Gebze’nin tarihi ve kültür varlıkları gerçekten yeterince tanıtılmadığından ötürü bilinmiyor. Bırakın başkalarını Gebze’de yaşayan birçok kişi kentin geçmişinin önemli izleri olan tarihi yapıları, mekânları bilmez. Hatta öyle ki her gün yanından geçip gittikleri Çoban Mustafa Paşa Külliyesi hakkında doğru düzgün bilgileri yoktur. Oysa Çoban Mustafa Paşa Külliyesi 499 yıllık geçmişiyle Gebze adına çok önemli tarihi eserdir.
Osmanlı döneminde menzil kasabalarının en önemlilerinden olan Gebze’de Çoban Mustafa Paşa tarafından 1523'te yaptırılan külliyenin bilindiği gibi önemli parçalarından birisi kervansaraydır.

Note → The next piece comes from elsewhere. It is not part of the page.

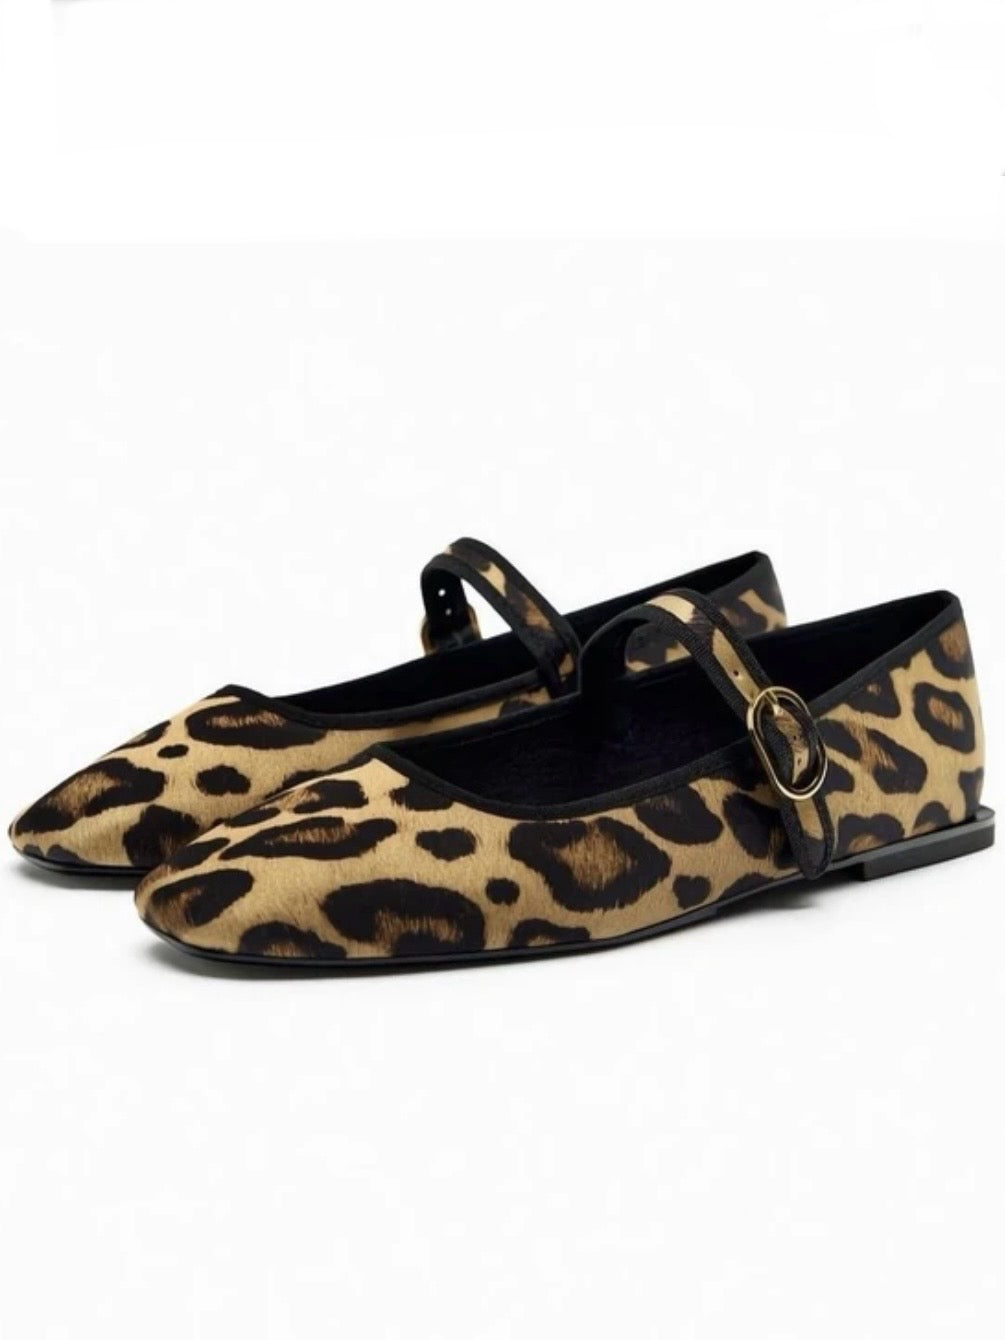 Leopard low square heel shoes
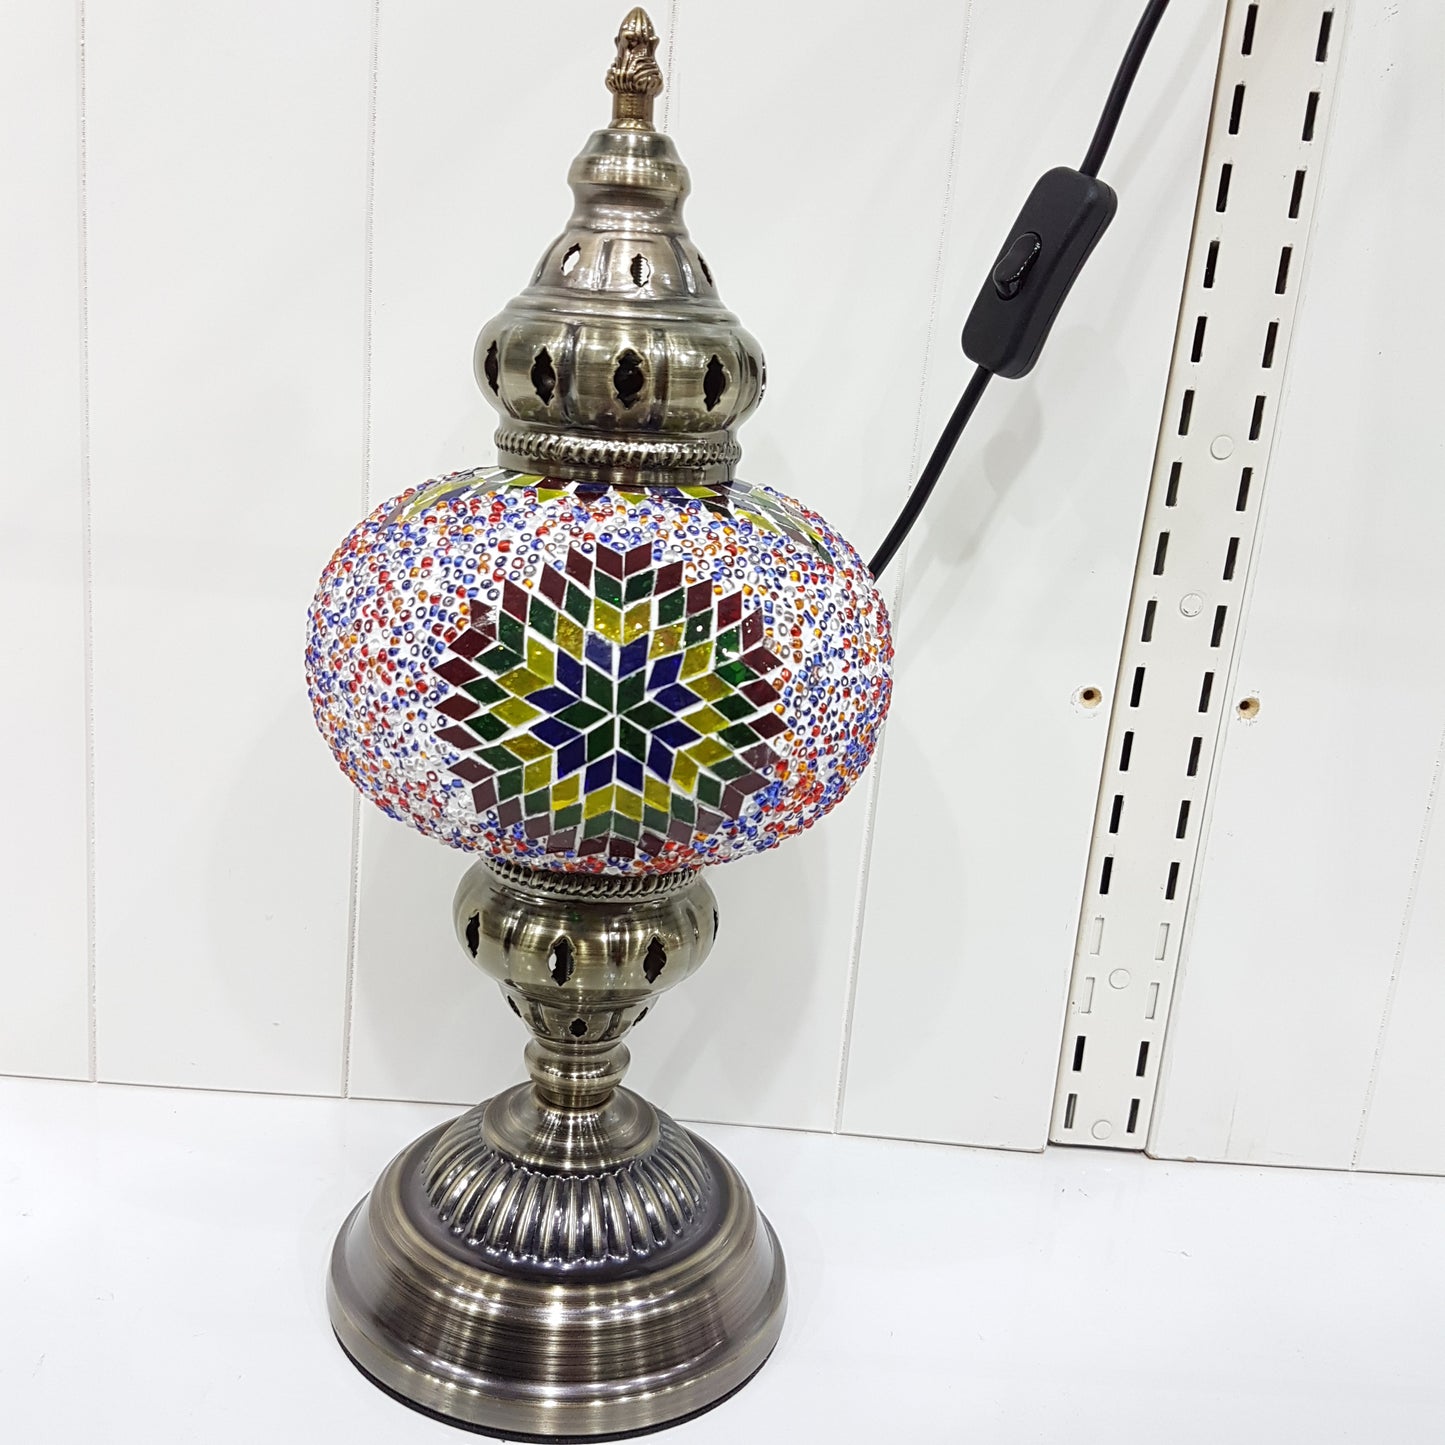 Turkish Mosaic Lamp 43cm - TL8

Eskiçarşı içinde kalan tarihi kervansaray zamanında yolcuların ve binek hayvanlarının dinlenip konakladığı mekandı. Ne var ki zaman içinde işlevini yitirdi, sonra ki yıllarda ise bir takım kişiler tarafından ele geçirildi. Yakın zamanda ise bir takım uyanıklar kervansarayı önce amacı dışında kullanmaya ardından ise çevresine bina yapmaya başladılar. Tabi dört tarafına yapılan beton binaların tam ortasında kalan kervansaray yıllarca kaderiyle baş başa kaldı.
Çoban Mustafa Paşa Külliyesi’nin 1961-1970 yılları arasında restorasyon çalışmalarını yürüten Yüksek Mimar Cahide Tamer ( d.1915- ö.2005) kervansaray ile ilgili olarak sanırım 1971 yılında İstanbul anıtlar yüksek kuruluna bir yazı gönderiyor ve kervansarayın etrafına beton binalar yapıldığını bildiriyor. Tabi devletin bürokratı o zamanlar pekte bu tür şeylerle ilgilenmiyor. Sonuçta, Eskiçarşı içinde ki kervansaray tamamen beton binalarla kuşatılıyor.
Yazının başlığında ifade ettiğim gibi ülke insanı olarak tarihi ve kültür varlıklarımıza sahip çıkamıyoruz.
Buna en iyi örnek yukarıda sözünü ettiğim ve özet bilgiler verdiğim Çoban Mustafa Paşa Külliyesi’dir. Bu yapının 9 yıl restorasyon çalışmalarını yürüten Yüksek Mimar Cahide Tamer anılarında söz ettikleri ibret vericidir.
Restorasyona başlamadan önce Külliye’nin adeta virane gibi olduğunu belirtiyor, kubbelerinin kurşunlarının çalınıp çarşıda kurşuncularda eritilip satıldığını yazıyor. Yine Külliye ’ye ait bir taş sütunun yerinden alınıp Gebze Orta Okulu bahçesine götürülerek kürsü gibi kullanıldığını ifade eden Cahide Tamer, Külliye’nin bir çok kısmında bulunan odunların söküldüğünü hatta kimi kısımlarda ki taşların bile yerinden çıkarılıp götürüldüğünü ifade ediyor.
Yine dönemin tanınmış gazetecilerinden Refi Cevat Ulunay (d.1890 ö.1968) külliyenin o dönem ki perişan hallerini Yeni Sabah ve Milliyet gazetelerindeki köşelerinde yazmıştır. Böylesine önemli bir tarihi eserin sahipsizliğine adeta isyan etmiştir.
Refi Cevat Ulunay, benim bizzat okuduğum bir köşe yazısında ise cami de kimi değerli eşyalardan bazılarının çalındığını, yok edildiğini de ifade etmiştir.
Özetle, Gebze’nin en önemli tarihi eseri olan Çoban Mustafa Paşa Külliyesi yakın tarih içinde yağma edilmişti.